The current government has successfully repaid $6.5 billion of international commercial loans, with $1.0 billion of that amount being in the form of international Sukuk, he said.

With regards to the revival of the IMF programme, Dar said, “IMF is sitting on the fence. When the situation will settle, they will lend.”

However, he added that tight fiscal discipline will continue in order to avoid default on debt.
Starting from January 1, 2023, the stipend for beneficiaries of the Benazir Income Support Program (BISP) has been raised by 25%. As a result, the total amount allocated to BISP for the current fiscal year has increased from Rs 360 billion to Rs 400 billion.

The government has also floated 3-year and 1-year Sukuk Ijarah instruments to encourage people to shift from conventional to Islamic source of financing, he said.

The finance minister also explained that barter trade with Iran, Afghanistan and Russia. Yemen and Sudan are on the list of priorities.

“Despite all the difficulties, external and internal, GDP growth of 0.29% is a realistic achievement and couldn’t have been better,” he said.

Higher international commodity prices (crude oil, edible oil, pulses etc), global supply disruptions, damages of major and minor crops due to flood, currency depreciation, administrative price adjustment and political uncertainty are major factors responsible for high inflation.

Lower imports hurt the Federal Board of Revenue’s (FBR) tax collection. Exports in Jul-May FY23 reached $25.4b as compared to $28.9 billion last year, down by 12.1%. Imports in Jul-May FY23 were restricted to $51.2b against $72.3b last year, showing a decline of 29.2%.

As of March 31, FY2023, however, the FBR has successfully registered 912,392 new taxpayers during the current year, exceeding the target of 700,000 new taxpayers.

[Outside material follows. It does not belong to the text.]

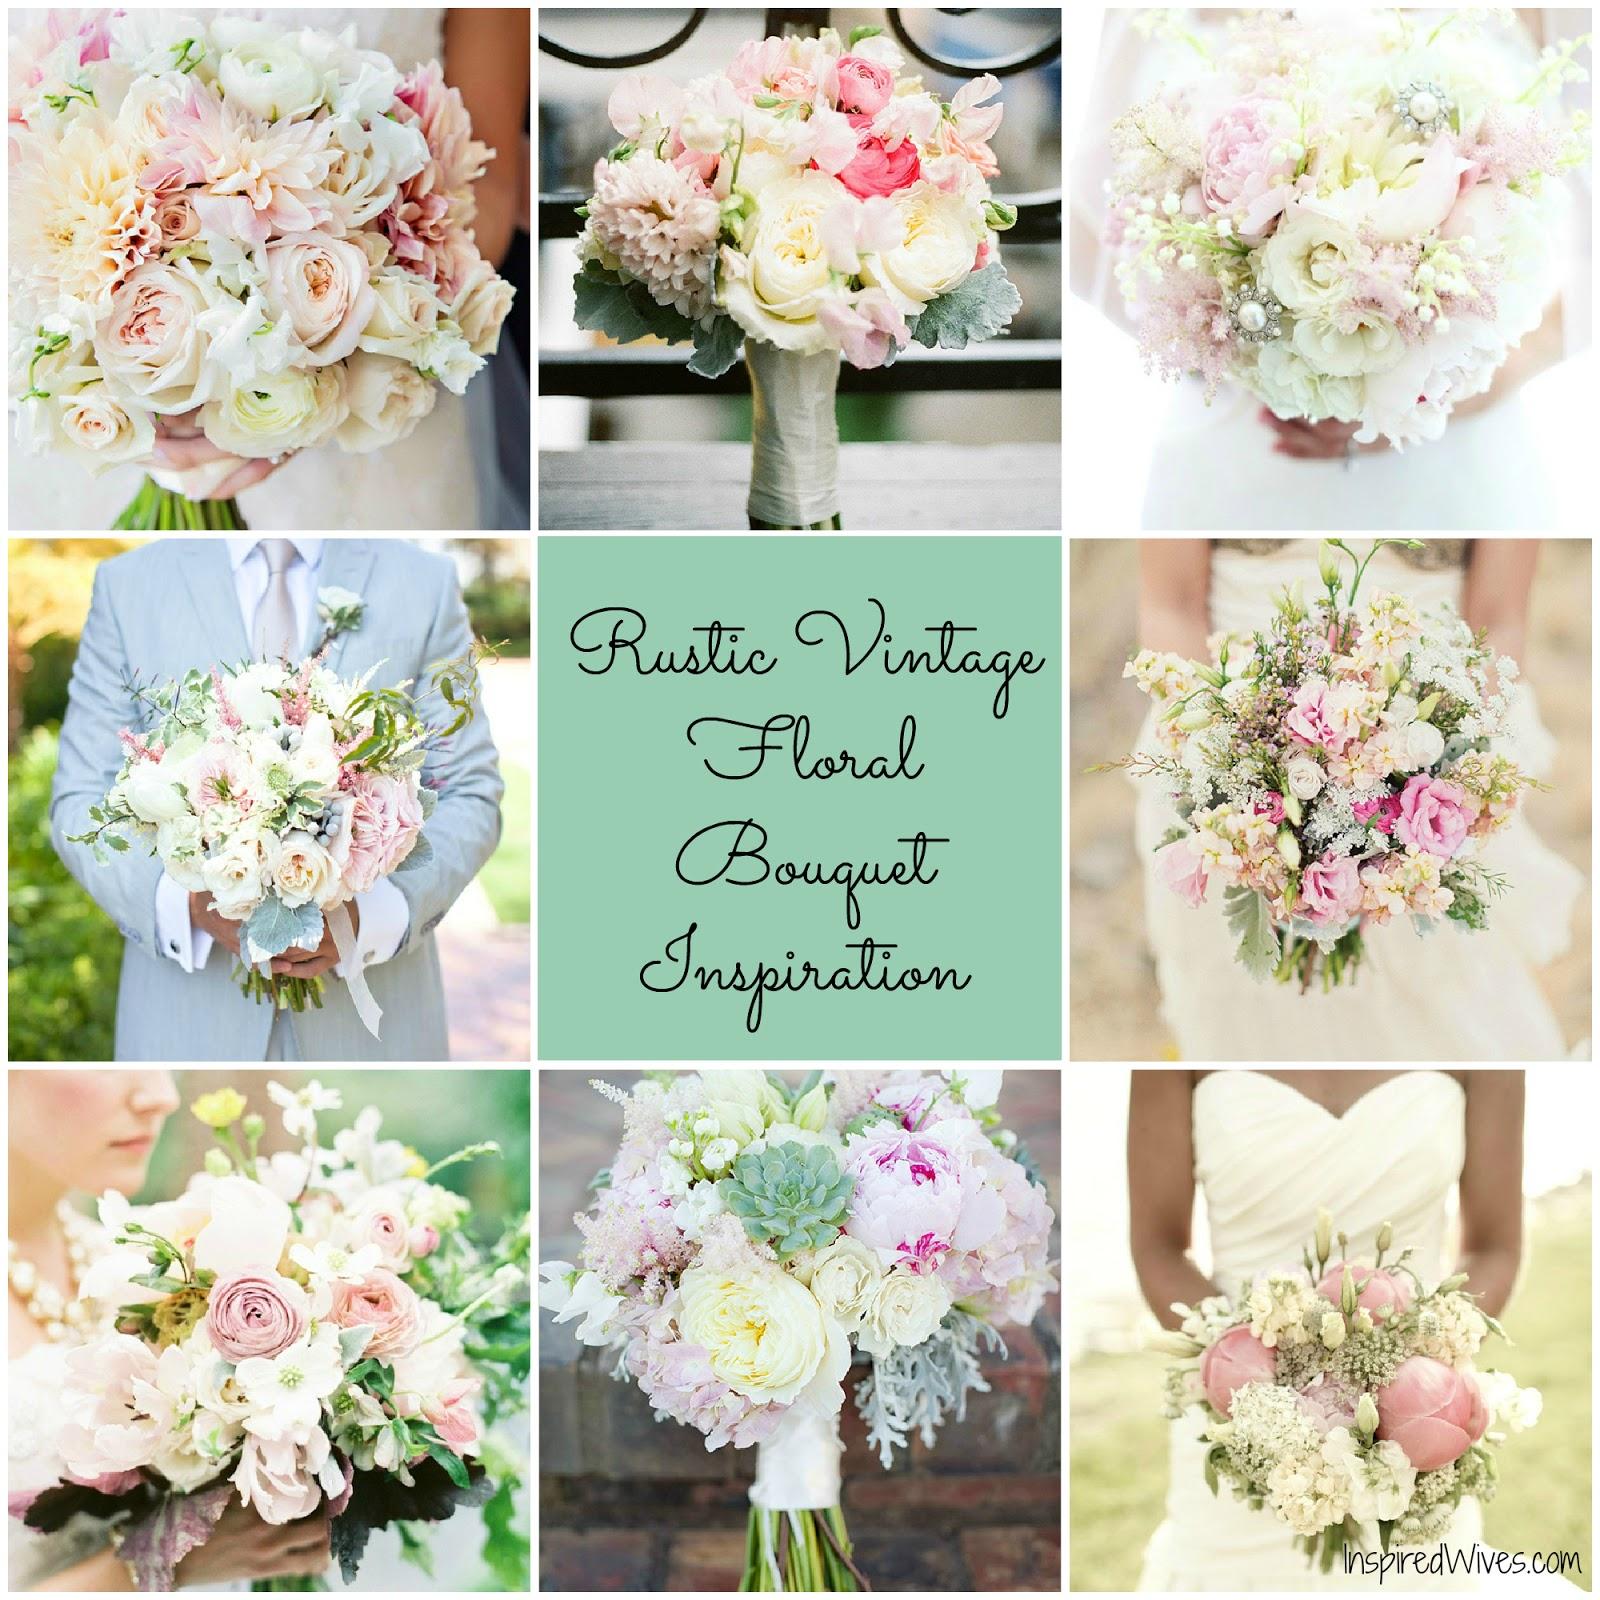 Vintage Flower Arrangements For Wedding: Inspired I Dos: Discussing A Rustic Vintage Inspired

The current account deficit for the period from July to April of FY2023 has significantly reduced by 76%, reaching $3.3 billion compared to $13.7 billion in the previous year. There are still two months remaining, providing an opportunity for further improvement.

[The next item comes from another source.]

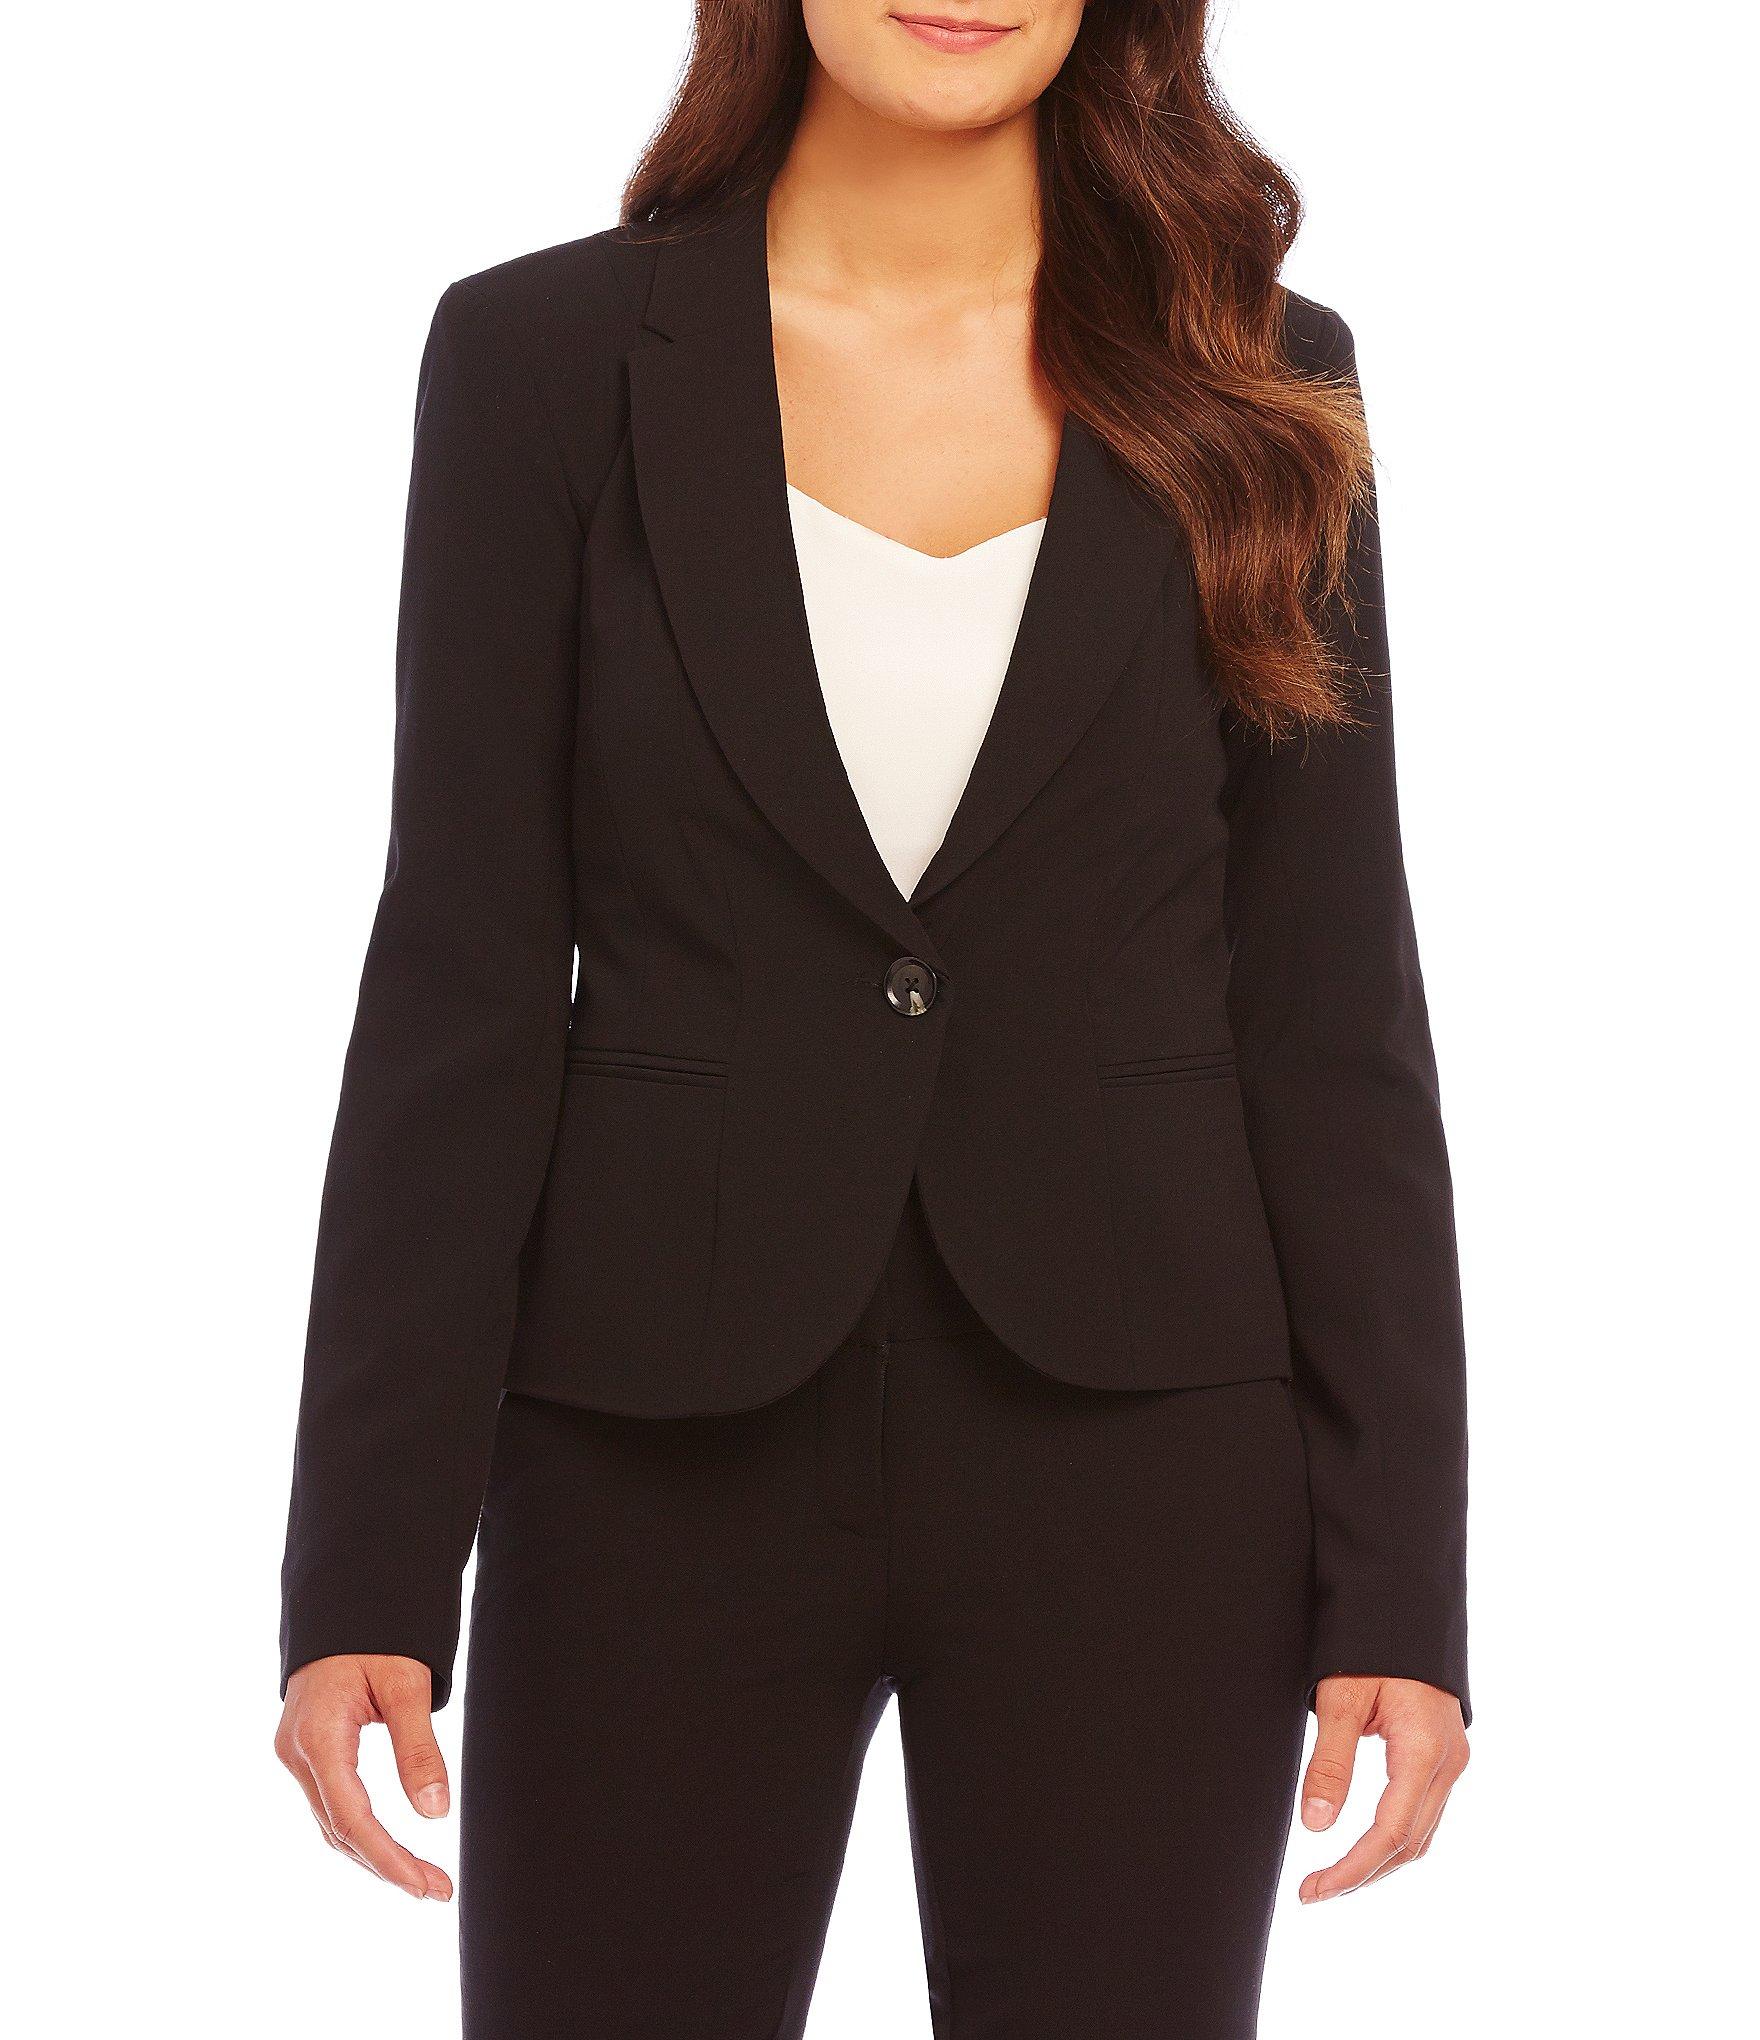 Juniors Suits Dillard S

Due to various factors such as the situation in Ukraine, the impact of Covid-19, and financial instability, remittances for the period of July to April in FY2023 amounted to $22.7 billion, showing a contraction of 13.0% compared to $26.1 billion in the previous year. This decline can be attributed primarily to reduced business activity, inflationary pressures in host countries, and the relaxation of travel restrictions.

Public Sector Development Programme (PSDP) will cross Rs1.15 trillion next year. Development expenditure Rs1001 (1 trillion) crossed in PMLN government. with PSDP, economic activity booms. Provinces are now free to spend on development. GDP projection for next year will be achieved and work on SDGs will improve significantly.

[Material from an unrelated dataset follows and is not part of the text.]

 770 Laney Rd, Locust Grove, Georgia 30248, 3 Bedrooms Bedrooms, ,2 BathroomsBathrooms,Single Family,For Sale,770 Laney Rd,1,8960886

Federal Planning Minister Ahsan Iqbal said the development budget has been increased by 100%. “FY23 was a year of force majeure, when economic numbers could not be compared with targets.

The higher education budget was increased from Rs26b to Rs60b in two years, which is directly linked with our youth development,” he said.

IT exports are expected to reach $4.5 billion next year from this year’s $2.5 billion, for which incentives will be provided. The government is focusing on creating a holistic digital ecosystem with infrastructure and institutional frameworks for the rapid delivery of innovative digital services.

To ensure the availability of affordable energy, the government has set the target to enhance the share of green energy to 20% in 2025 and 30% in 2030. The government is stressing on energy efficiency and conservation and is estimated to save primary energy up to 10-15%.